We impose the following constraint on all type parameter bounds,
because all type parameters may be subject to instantiation to bound.%
}
\LMHash{}%
It is a compile-time error
if a formal type parameter bound $B$ contains a raw type $T$,
unless $T$ has simple bounds.
\commentary{%
So type arguments on bounds can only be omitted
if they themselves have simple bounds.
In particular,
\code{\CLASS{} C<X \EXTENDS{} C> \{\}}
is a compile-time error,
because the bound \code{C} is raw,
and the formal type parameter \code{X}
that corresponds to the omitted type argument
does not have a simple bound.%
}
\LMHash{}%
Let $T$ be a type of the form \synt{typeName}
which denotes a generic class or a generic type alias
(\commentary{so $T$ is raw}).
Then $T$ is equivalent to the parameterized type which is
the result obtained by applying instantiation to bound to $T$.
It is a compile-time error if the instantiation to bound fails.
\commentary{%
This rule is applicable for all occurrences of raw types,
e.g., when it occurs as a type annotation of a variable or a parameter,
as a return type of a function,
as a type which is tested in a type test,
as the type in an \synt{onPart},
etc.
}
\subsubsection{The Instantiation to Bound Algorithm}
\LMLabel{theInstantiationToBoundAlgorithm}
\LMHash{}%
We now specify how the
\Index{instantiation to bound}
algorithm proceeds.
Let $T$ be a raw type.
Let \List{X}{1}{k} be the formal type parameters in the declaration of $G$,
and let \List{B}{1}{k} be their bounds.
For each $i \in 1 .. k$,
let $S_i$ denote the result of instantiation to bound on $B_i$;
in the case where the $i$th bound is omitted, let $S_i$ be \DYNAMIC.
\commentary{%
If $B_i$ for some $i$ is raw (in general: if it raw-depends on some type $U$)
then all its (respectively $U$'s) omitted type arguments have simple bounds.
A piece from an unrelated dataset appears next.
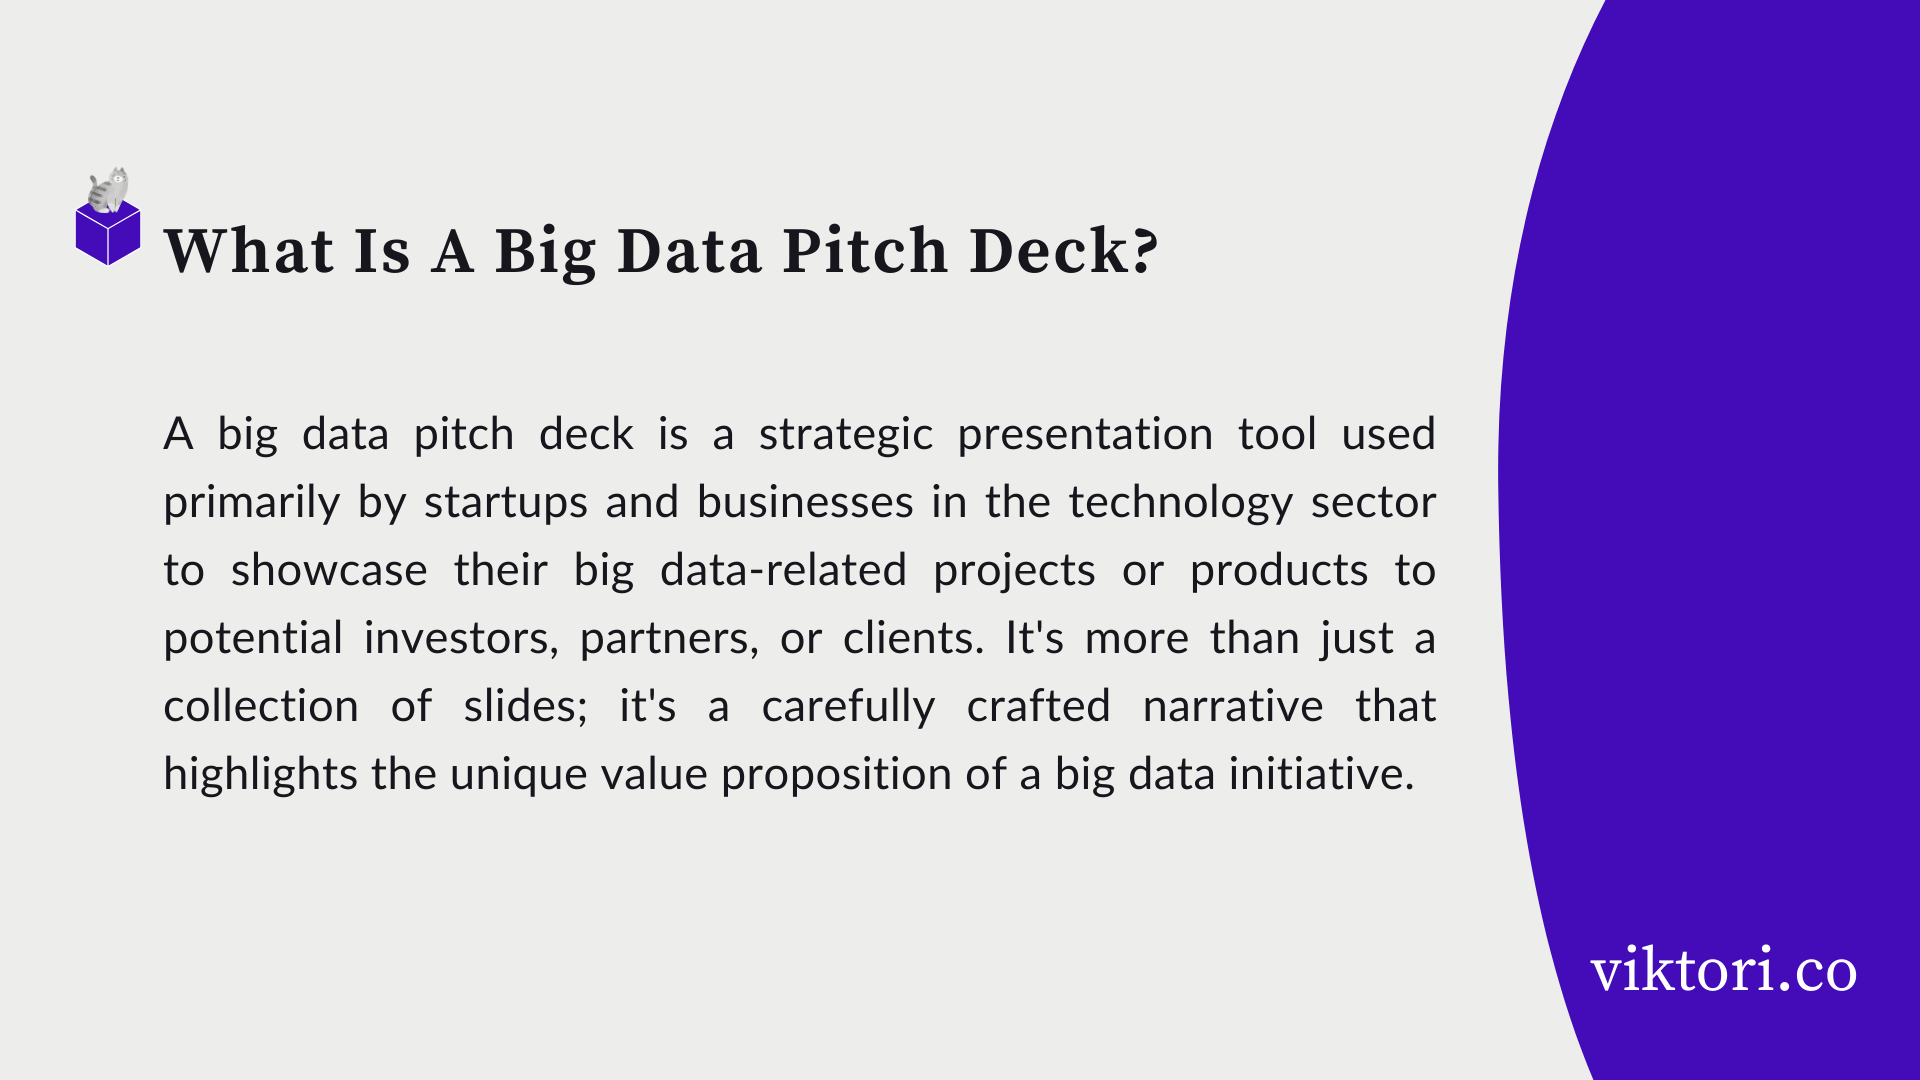 big data pitch deck definition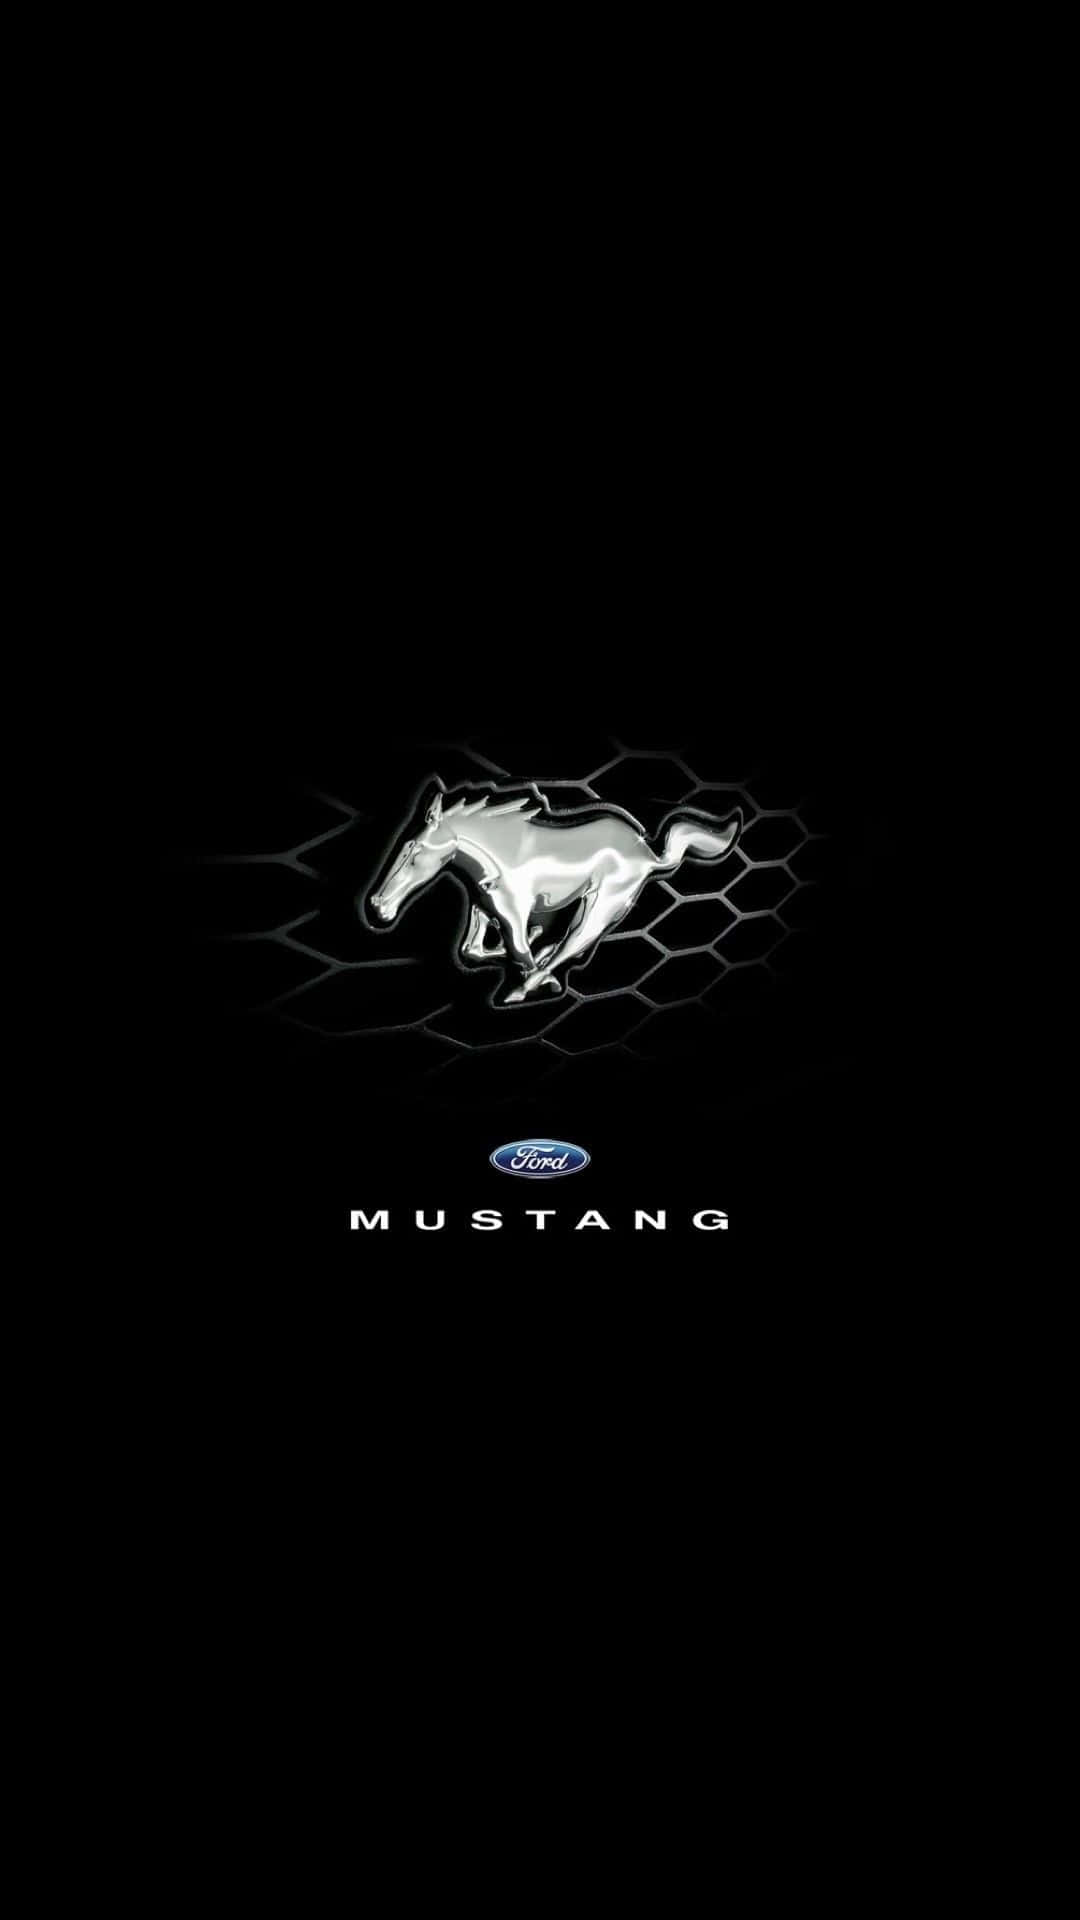 Ford Mustang 1080 X 1920 Wallpaper

This limits the complexity of instantiation to bound for $B_i$,
and in particular it cannot involve a dependency cycle
where we need the result from instantiation to bound for $G$
in order to compute the instantiation to bound for $G$.%
}
\LMHash{}%
Let $U_{i,0}$ be $S_i$, for all $i \in 1 .. k$.
\commentary{%
This is the "current value" of the bound for type variable $i$, at step 0;
in general we will consider the current step, $m$, and use data for that step,
e.g., the bound $U_{i,m}$, to compute the data for step $m + 1$.%
}
{ %% Scope for definitions of relations used during i2b
\def\Depends{\ensuremath{\rightarrow_m}}
\def\TransitivelyDepends{\ensuremath{\rightarrow^{+}_m}}
\LMHash{}%
Let \Depends{} be a relation among the type variables
\List{X}{1}{k} such that
$X_p \Depends X_q$ iff $X_q$ occurs in $U_{p,m}$.
\commentary{%
So each type variable is related to, that is, depends on,
every type variable in its bound, which might include itself.%
}
Let \TransitivelyDepends{} be the transitive
(\commentary{but not reflexive})
closure of \Depends.
For each $m$, let $U_{i,m+1}$, for $i \in 1 .. k$,
be determined by the following iterative process, where $V_m$ denotes
\code{$G$<$U_{1,m},\ \ldots,\ U_{k,m}$>}:
\begin{itemize}
\item[1.]
If there exists a $j \in 1 .. k$ such that
$X_j \TransitivelyDepends X_j$
(\commentary{that is, if the dependency graph has a cycle})
let \List{M}{1}{p} be the strongly connected components (SCCs)
with respect to \Depends{}.
\commentary{
That is, the maximal subsets of \List{X}{1}{k}
where every pair of variables in each subset
are related in both directions by \TransitivelyDepends;
note that the SCCs are pairwise disjoint;
also, they are uniquely defined up to reordering,
and the order does not matter for this algorithm.%
}
Let $M$ be the union of \List{M}{1}{p}
(\commentary{that is, all variables that participate in a dependency cycle}).
Let $i \in 1 .. k$.
If $X_i$ does not belong to $M$ then $U_{i,m+1}$ is $U_{i,m}$.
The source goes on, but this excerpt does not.